After read the Facebook’s engineer blog about Spark 60TB use case (https://code.facebook.com/posts/1671373793181703/apache-spark-scale-a-60-tb-production-use-case/), feel interesting to look at a little more detail about the bugs they found, how they fixed it, also for the purposes:

  1. get some experience for the bugs coming from the extreme run time condition
  2. more familiar with Spark source code

Let’s start it:


Fix memory leak in the Sorter. When the UnsafeExternalSorter spills the data to disk, it does not free up the underlying pointer array. As a result, we see a lot of executor OOM and also memory under utilization.

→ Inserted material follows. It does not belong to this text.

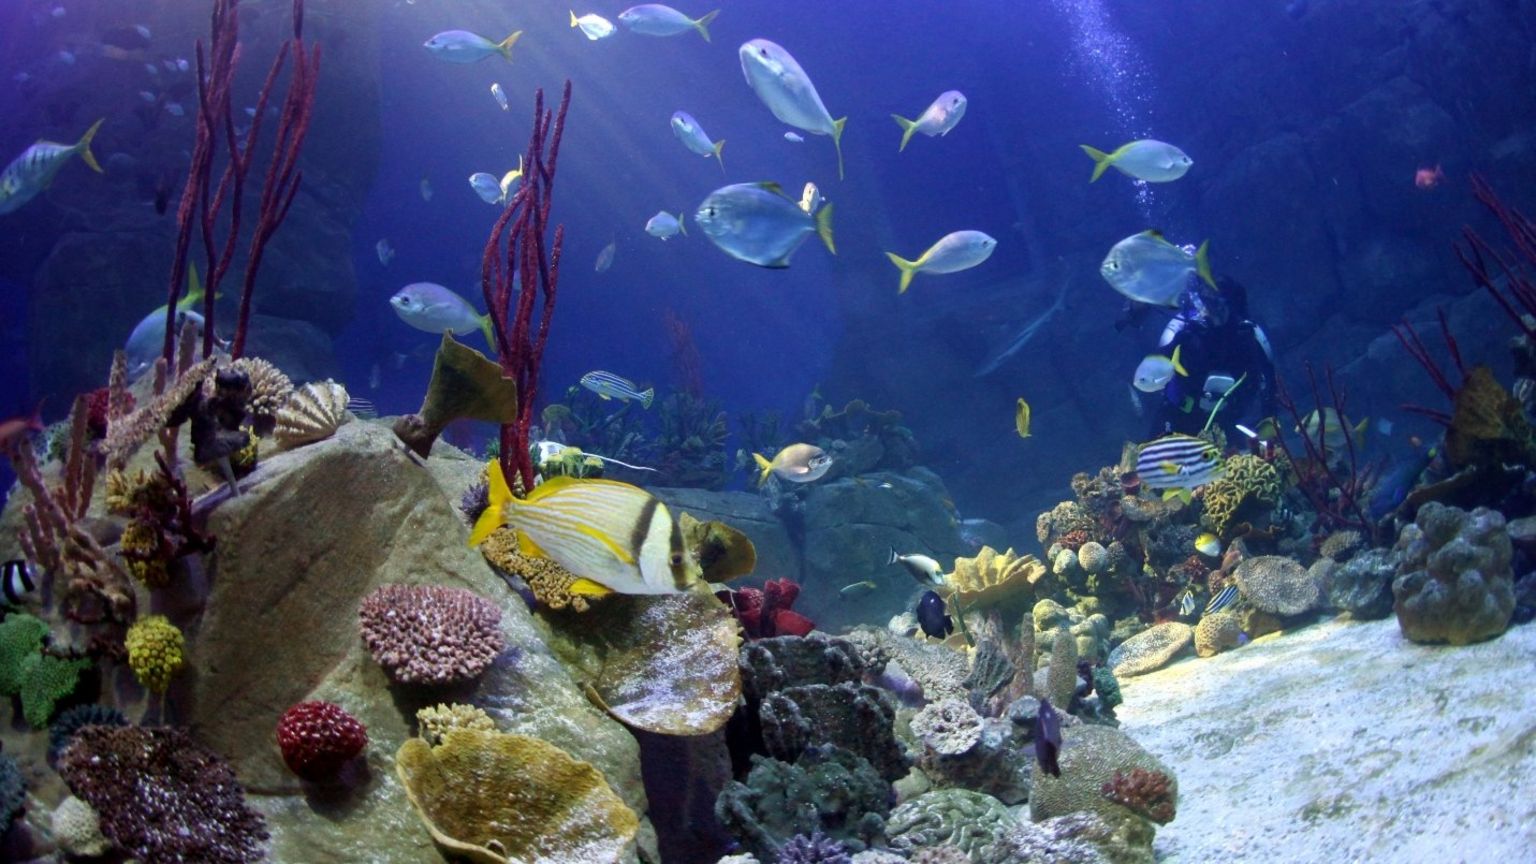 Coral seas aquarium tank (Image courtesy of the National Marine Aquarium)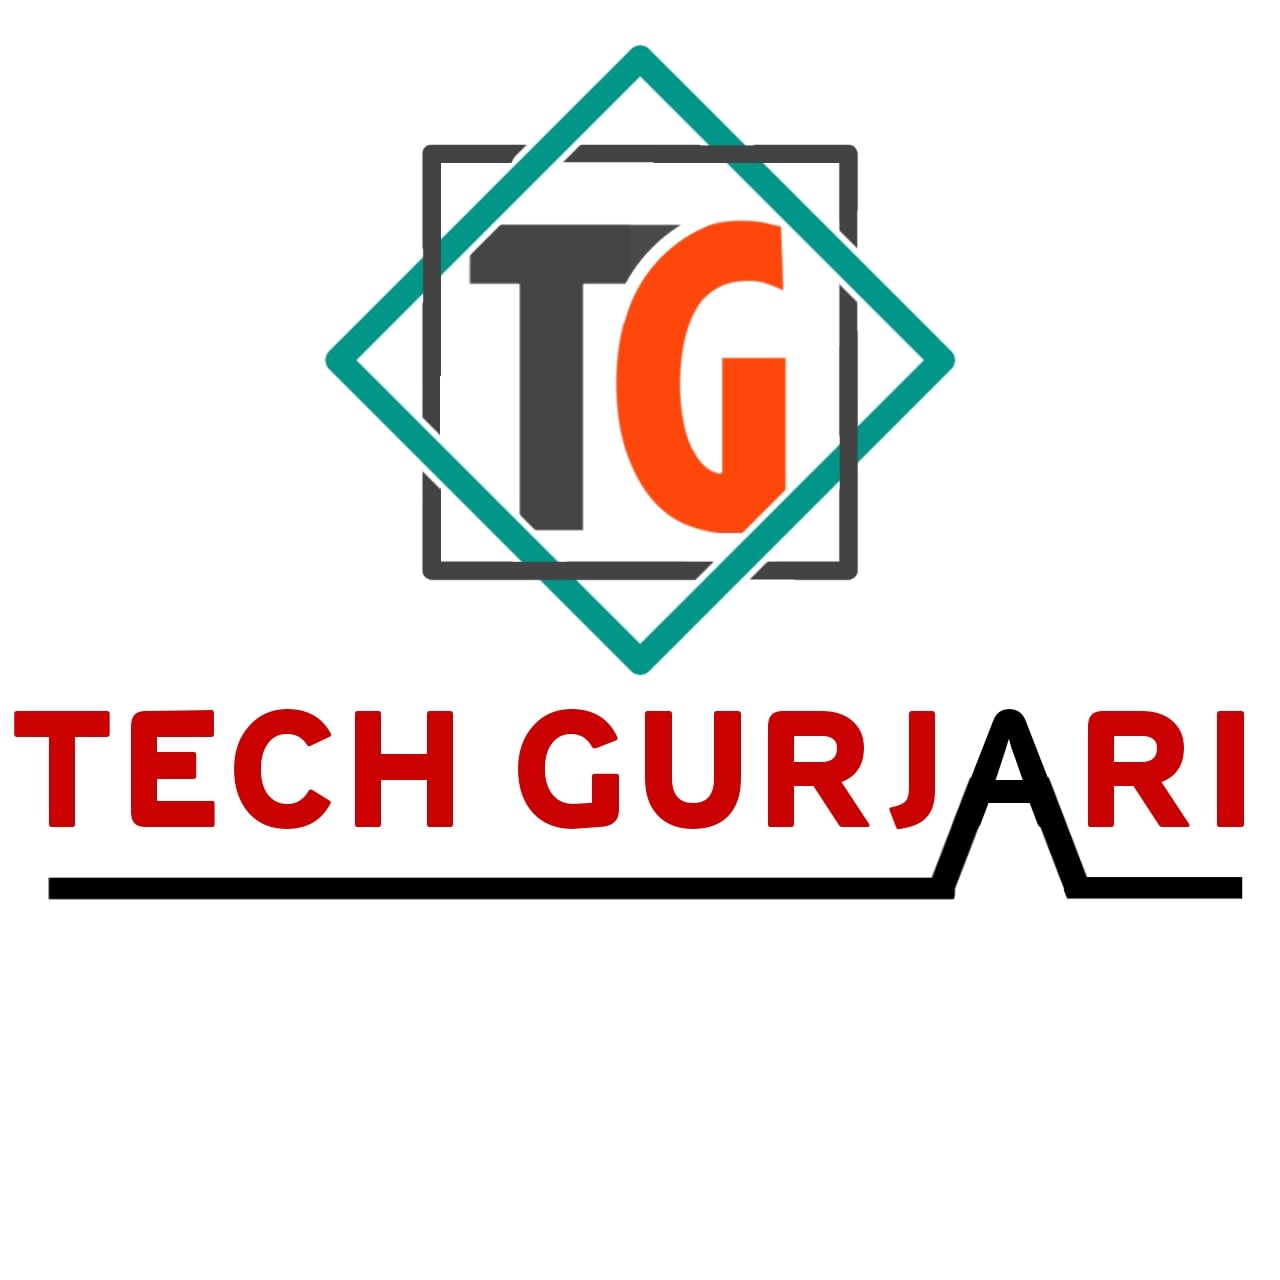 Tech Gurjari

The actual codes changed are in the class ShuffleExternalSorter, which call by the UnsafeShuffleWriter. When an Executor process a ShuffleMapTask, it use the ShuffleWriter to write (sorting) the data with its partition information to output files. The underlying pointer array mentioned in their description is a array of LongArray type inside of ShuffleInMemorySorter. This array is used to stock all the records’s pointer. (I have explain the detail about the LongArray and the 64bit long pointer in this blog). The benefit is, the sorting by partitions could process on this array instead of the record directly. This is an improvement being part of Tungsten project.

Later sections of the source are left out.